An A-to-Z of Self-Care: Part 2
N is for NATUROPATHY. There are an incredible amount of alternative and complementary health treatments out there, and naturopathy is just one of them. Homeopathy, traditional Chinese medicine, acupuncture, acupressure, reiki, osteopathy, massage therapy, the list goes on and on. If interested, take some time to research which one may be right for you, while taking into consideration that every single one of us will respond to a treatment differently. Unfortunately, some alternative health treatments can get pricey. The good news is that many practitioners offer free consultations, to help you figure out if the healing modality is a fit for you, and many will offer discounted or sliding-scale services for a variety of reasons: being low income, receiving financial assistance, having a registered disability, being a youth, being a student, etc. Ask around and find the right fit, both for your health and your wallet.
O is for OPTIONS. Sometimes, on our bad days, it can feel like we have no options open to us, and all we can do is lay in bed. On those discouraging days, it can be a great practice to frame things differently, and to make an effort to become aware of the fact that we always have different options and choices open to us. Stuck in bed? Take time to be consciously aware of your options – what side to lie on, how many pillows to use, whether or not to listen to music. The biggest option is within your mind, in choosing where to focus your thoughts. Do you want to practice an empty mind? Visit a happy place? Relive favorite memories? Daydream about the future? It can be empowering in moments where we feel we have no control to recognize these small ways in which we really can exercise our choices and options.

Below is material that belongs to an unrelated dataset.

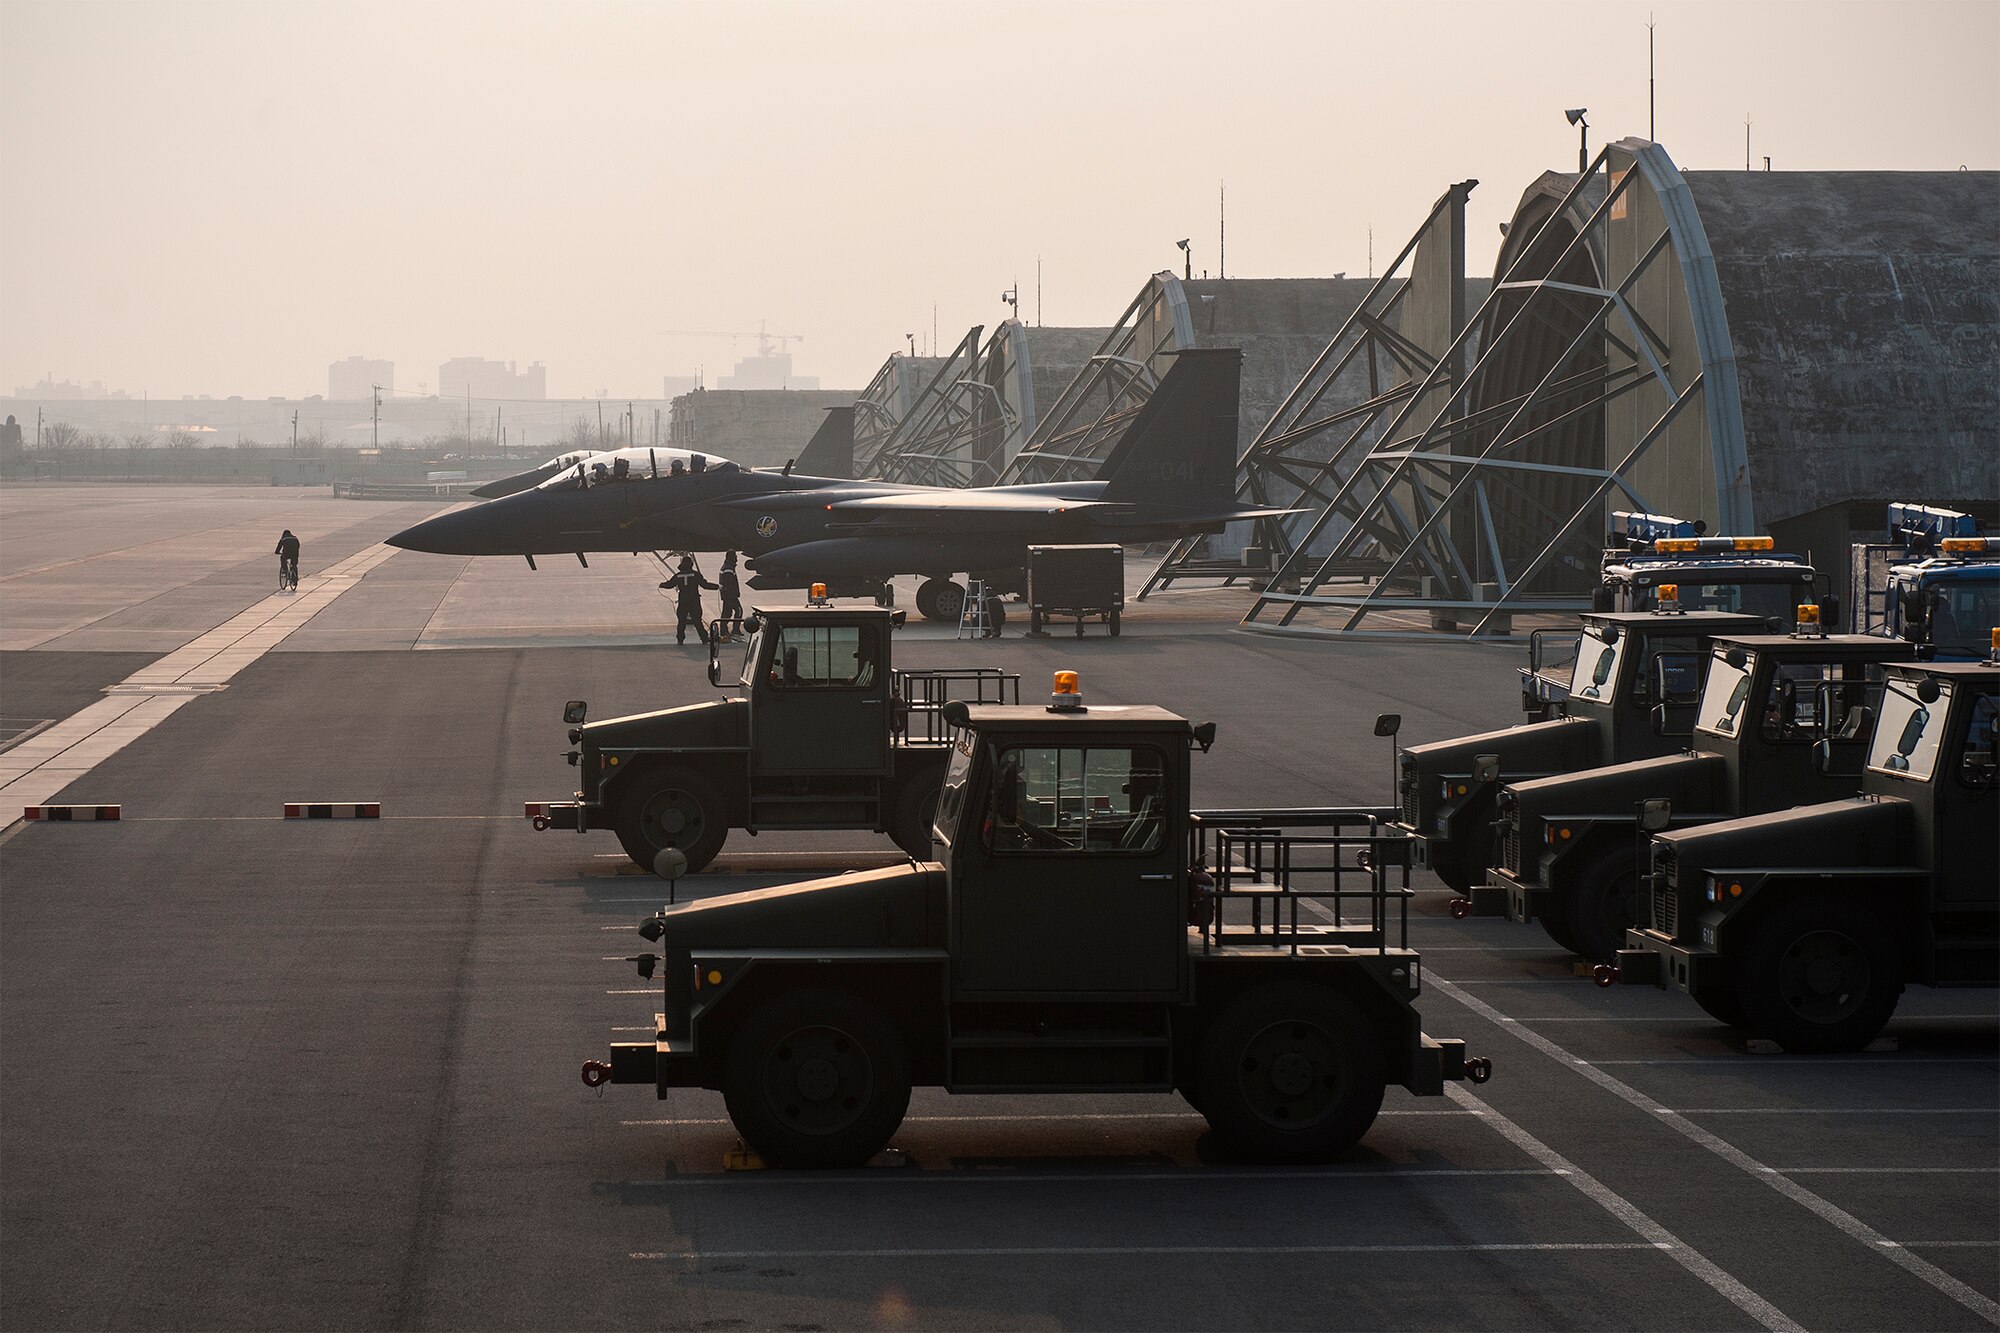 An F-15K Slam Eagle from the South Korean air force’s 11th Fighter Wing prepares to taxi on the runway during exercise Buddy Wing 15-2 Feb. 5, 2015, at Daegu Air Base, South Korea. During the four-day exercise, pilots from the 8th FW exchanged tactics and procedures with their South Korean counterparts. (U.S. Air Force photo/Senior Airman Katrina Heikkinen)

P is for PENPALS. There is something about getting a handwritten letter or postcard in the mail that is so special. You can spread some joy by writing a letter to a long-distance friend, or a simple postcard if your energy is limited. Ask friends who live far away or who are travelling to send you along a postcard if they are able. And if you are feeling adventurous and interested in sharing snail mail with strangers, check out the Reddit forum Pen Pals or The Pen Pal Project on Tumblr.
Q is for QUITTING. Sure, we’re taught from a young age not to be “quitters”, so a scent of failure lingers around the word. However, quitting can also be a form of success and self-care! If you are feeling burnt-out, in a flare-up, or in need of decreasing your stress, take a look at your schedule and see what is unnecessary. Go ahead and give yourself a break – quit the club or class you are taking that just isn’t all that enjoyable or important, or quit a scheduled appointment or meet-up that you simply aren’t capable of attending in your current state. Give yourself some deep nurturing and forgiveness. After all, you can always reschedule or try again another day. If you need time for yourself, take it.
R is for READING. This is one of my favorite forms of self-care and escapism. I even have different strategies for what I read – new fiction or nonfiction when my brain is feeling awake and limber, and old favorites when I’m dealing with a brain fog. That’s when I love to re-read the Harry Potter series all over again or dig out books from my childhood, as it doesn’t require all of my faculties for me to just enjoy myself and follow the story, as I know it so well already. On days when I am feeling particularly low or sad, I bust out The Blue Day Book by Bradley Trevor Grieve and Hope for the Flowers by Trina Paulus.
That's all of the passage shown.